Mexico Wants to Shrink Coins to Save a Few Cents

Friday, December 5, 2008

Does it feel like your money is shrinking nowadays? In some countries around the world, it really is getting smaller.


Mexico, following the lead of several countries around the world, has proposed making coins smaller and using cheaper metals to keep cost low amid the financial crisis and volatile metal costs.

The Mexican Senate on Thursday approved President Felipe Calderon's bill to modify the country's coinage.
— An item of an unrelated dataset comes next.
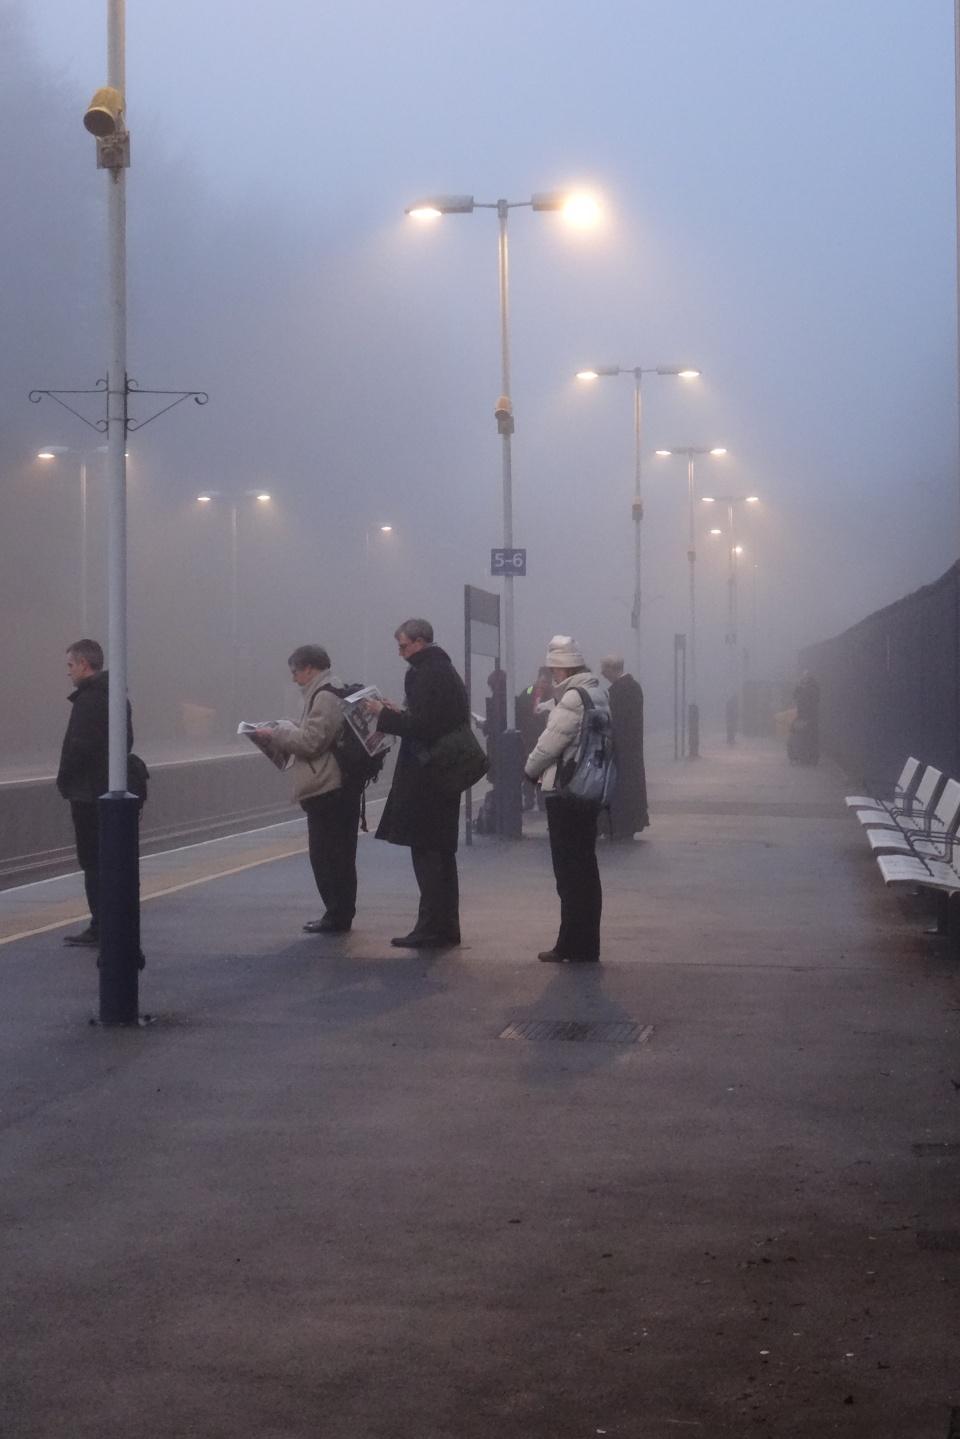 In freezing fog...

The plan awaits approval from the lower house of Congress, which will vote in February.

"We're being hit hard economically, so we're looking to spend more efficiently," said Enrique Lobato, director of cash programming for Mexico's central bank.

The Mexican economy is running a 1.8 percent budget deficit, the country's first in years, and next year's 3 trillion peso ($224 billion) budget will be tight.

Lobato said under Calderon's proposal, the bank could save around 200 million pesos (US$14.7 million) per year in production costs.

Total production costs on coins this year reached nearly 1 billion pesos (US$73.5 million,) he said. Costs include the price of metals and minting the coins. The bank produces around 1.5 billion coins each year.

Mexico has eight kinds of coins in the following amounts: 5, 10, 20 and 50 cents, and 1, 2, 5 and 10 pesos. The plan, if approved, would shrink the size of the four smaller coins, and reduce the amounts of copper, zinc and nickel alloys in each of the peso coins, as well as in the 20 and 50 cent coins.

In Mexico, the use of coins has grown by about 6 percent annually, the government says. Around 20 billion coins are in circulation.

Many countries have done the same to cut costs in their moneymaking.

Australia and New Zealand recently eliminated their 1 and 5 cent coins, and New Zealand in 2006 significantly reduced the size of its 10, 20 and 50 cent coins.

In the United States, the U.S. Mint is lobbying Congress to make the penny more cost-effective. The 1-cent copper-colored disc now costs 1.2 cents to produce.

Countries often will change coin production when inflation and metal prices alter coins' value and cost-effectiveness, said Francois Velde, a senior economist with the Federal Reserve Bank of Chicago.

"This most likely happens in times of high inflation, of sharp currency devaluation or in times of high commodities prices," he said. "The lowest denominations are typically hit first, because inflation eats away at their real value."

Mexico's annual inflation hit a seven-year high of 6.2 percent in the first two weeks of November, and the peso has tumbled more than 30 percent against the U.S. dollar since Aug. 1.

Base metal prices, including copper and aluminum, had hit record highs this year, but have fallen nearly 60 percent from 2007 levels. Nickel has dropped 80 percent.